April 20, 2024

Eleven states sue Obama administration over transgender bathroom guidance

730x420-9327795b24b7a88688ebbbf5ffb31125Eleven states filed a federal lawsuit Wednesday against the Obama administration to challenge its federal guidance on how schools should accommodate transgender students.

The lawsuit was filed in the U.S. District Court for the Northern District of Texas on behalf of Alabama, Arizona, Georgia, Louisiana, Maine, Oklahoma, Tennessee, Texas, Utah, West Virginia and Wisconsin.

The lawsuit argues that the federal government has worked to turn workplaces and schools “into laboratories for a massive social experiment.” It also argues that the federal government is “flouting the democratic process, and running roughshod over commonsense policies protecting children.”

The guidance, the lawsuit states, “has no basis in law” and could cause “seismic changes in the operations of the nation’s school districts.”

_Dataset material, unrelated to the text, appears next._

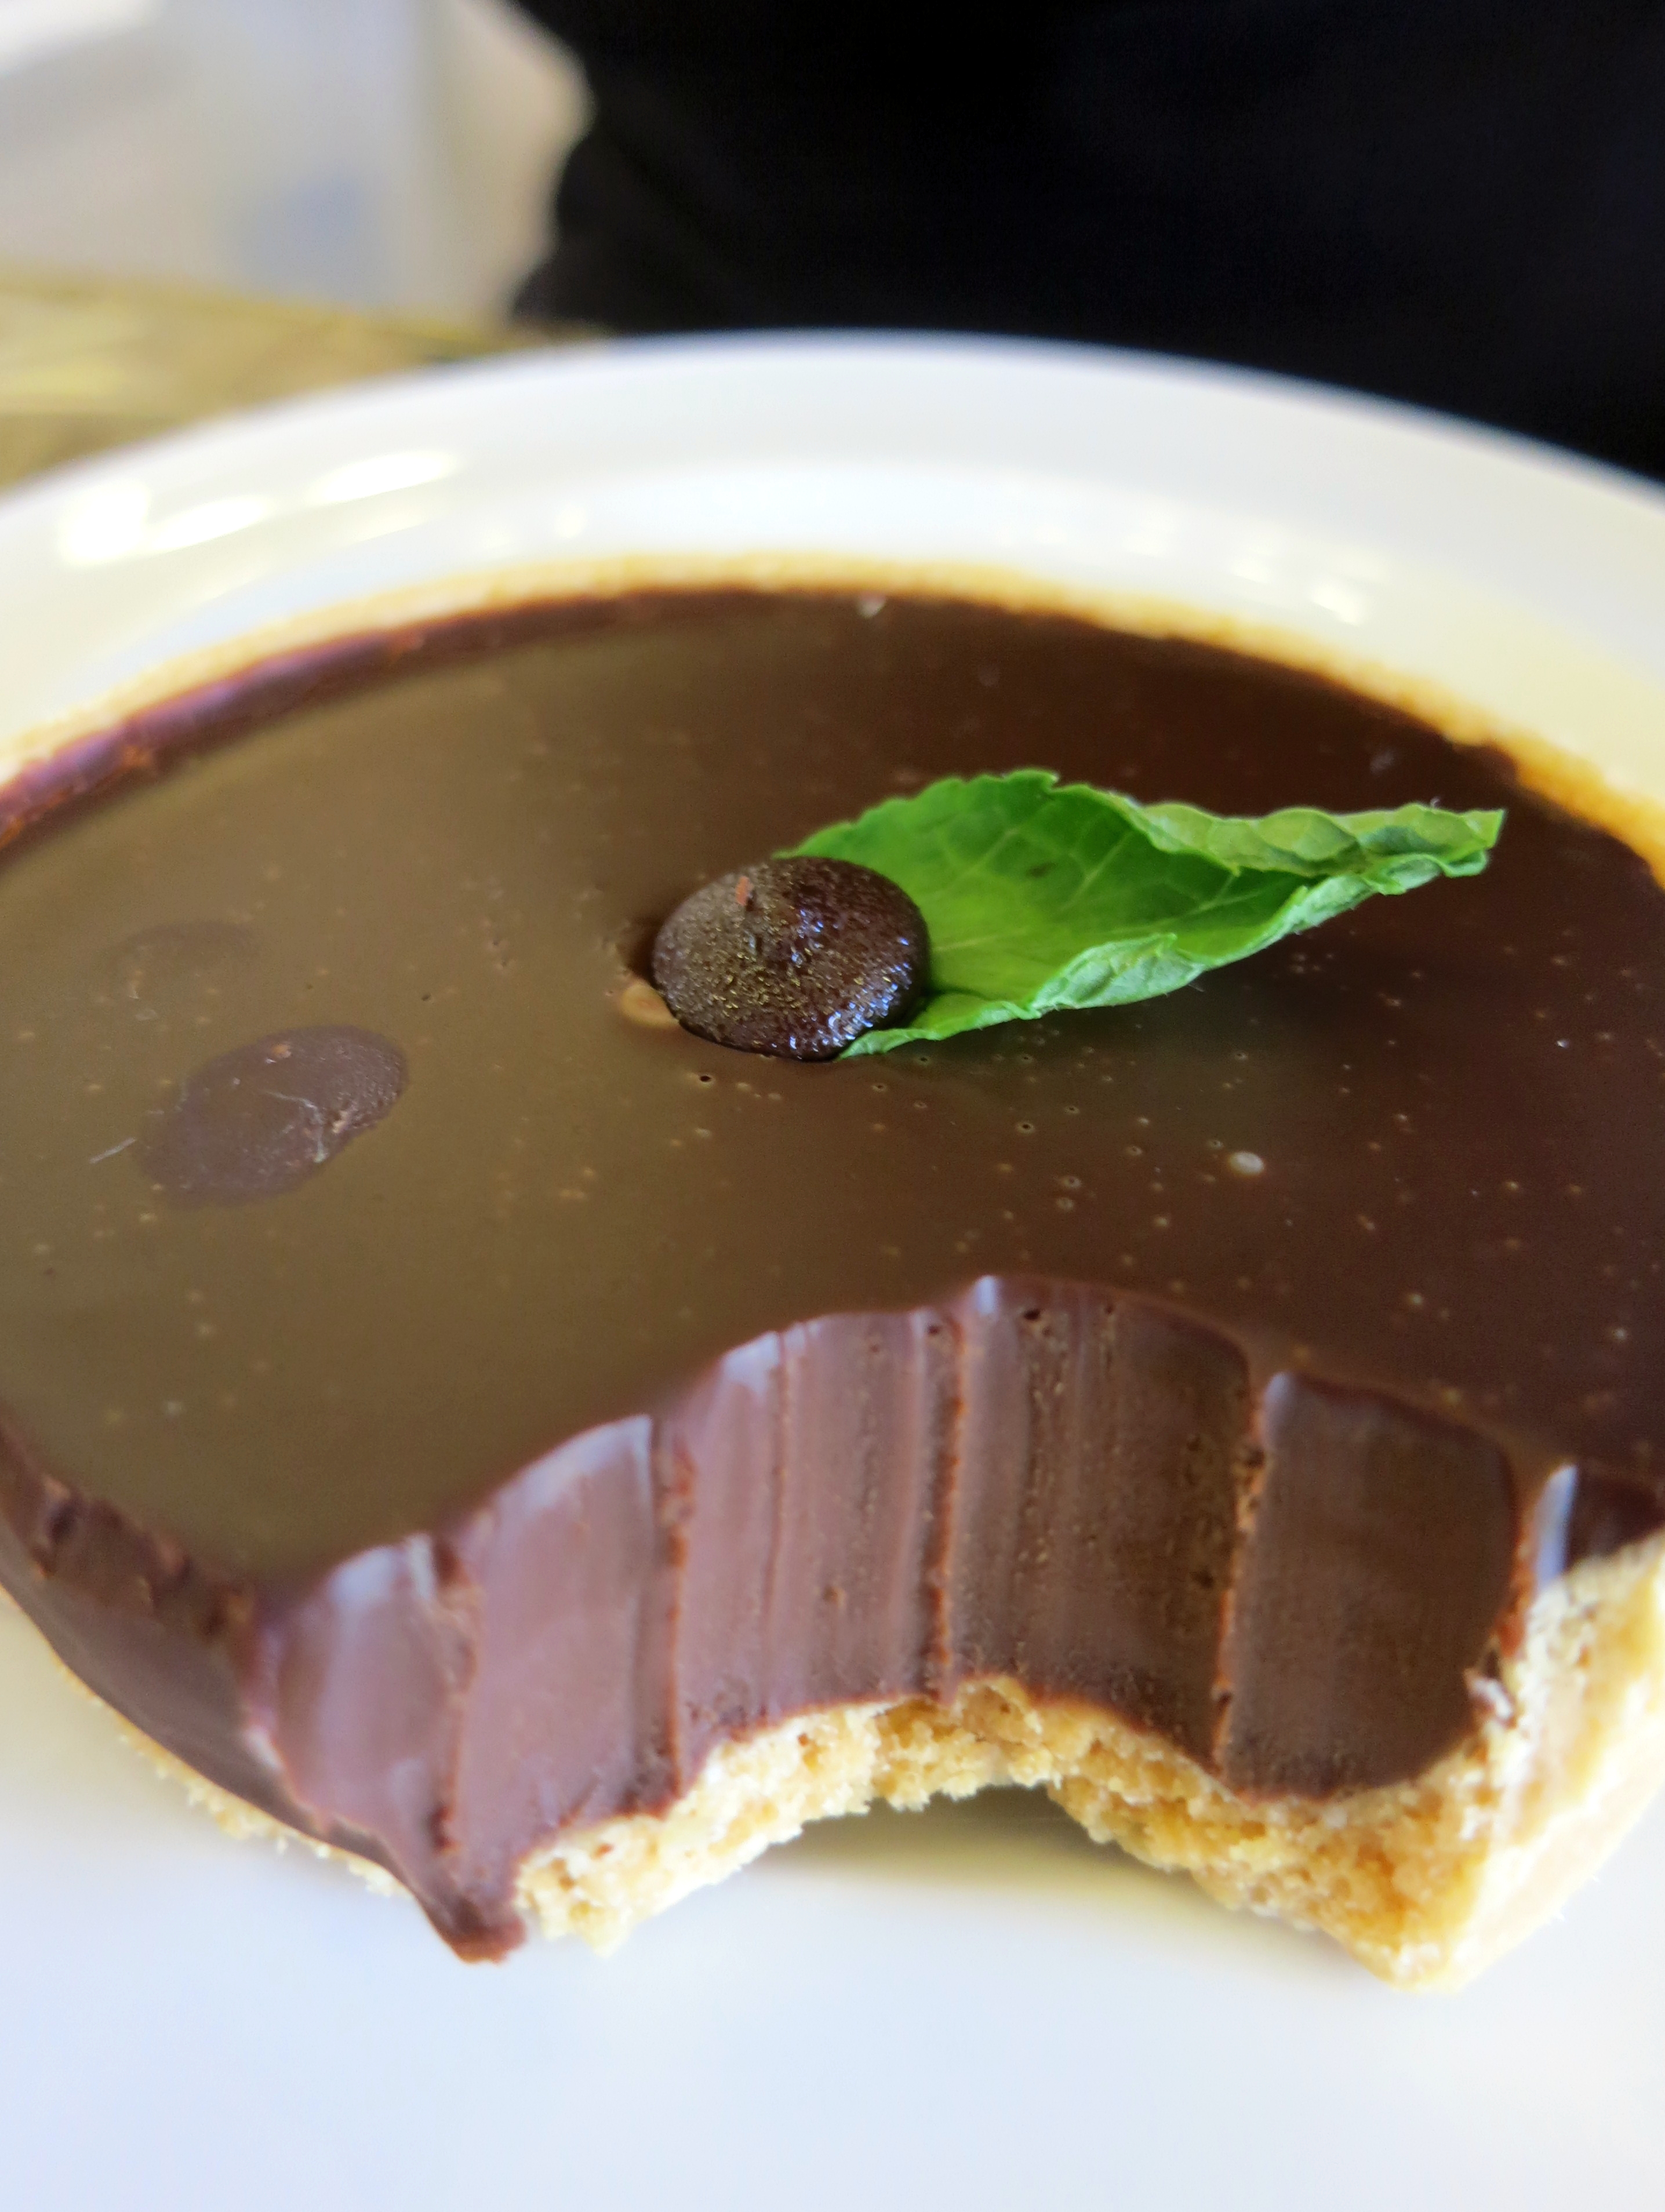 Mint chocolate - Wikipedia

The official announcement of federal lawsuit came after Texas Gov. Greg Abbott said on Twitter his state’s attorney general would “sue to stop Obama’s transgender directive to schools.” Abbott thanked Attorney General Ken Paxton, a Republican, for the forthcoming lawsuit in that tweet early Wednesday afternoon following initial reports about the lawsuit.

“Our local schools are now in the crosshairs of the Obama administration, which maintains it will punish those schools who do not comply with its orders. These schools are facing the potential loss of school funding for simply following common sense policies that protect their students,” Paxton said at a news conference in Austin announcing the lawsuit Wednesday.

“This represents just the latest example of the current administration’s attempts to accomplish by executive fiat what they couldn’t accomplish through the democratic process in Congress,” he added. “By forcing through his policies by executive action, President Obama excluded the voice of the people. We stand today to ensure those voices are heard.”

The Justice and Education departments issued a guidance this month on how schools could better accommodate transgender students and provide them restroom facilities that match their gender identities. That guidance came after North Carolina passed legislation mandating transgender individuals use the bathroom facility that matches their birth gender.

Last week, Paxton and the attorneys general of Oklahoma and West Virginia wrote to the Justice and Education departments asking for clarity on the guidelines and what they mean for federal education funding should a state ignore the guidance. In that letter, they asked for an administration response by Tuesday May 24.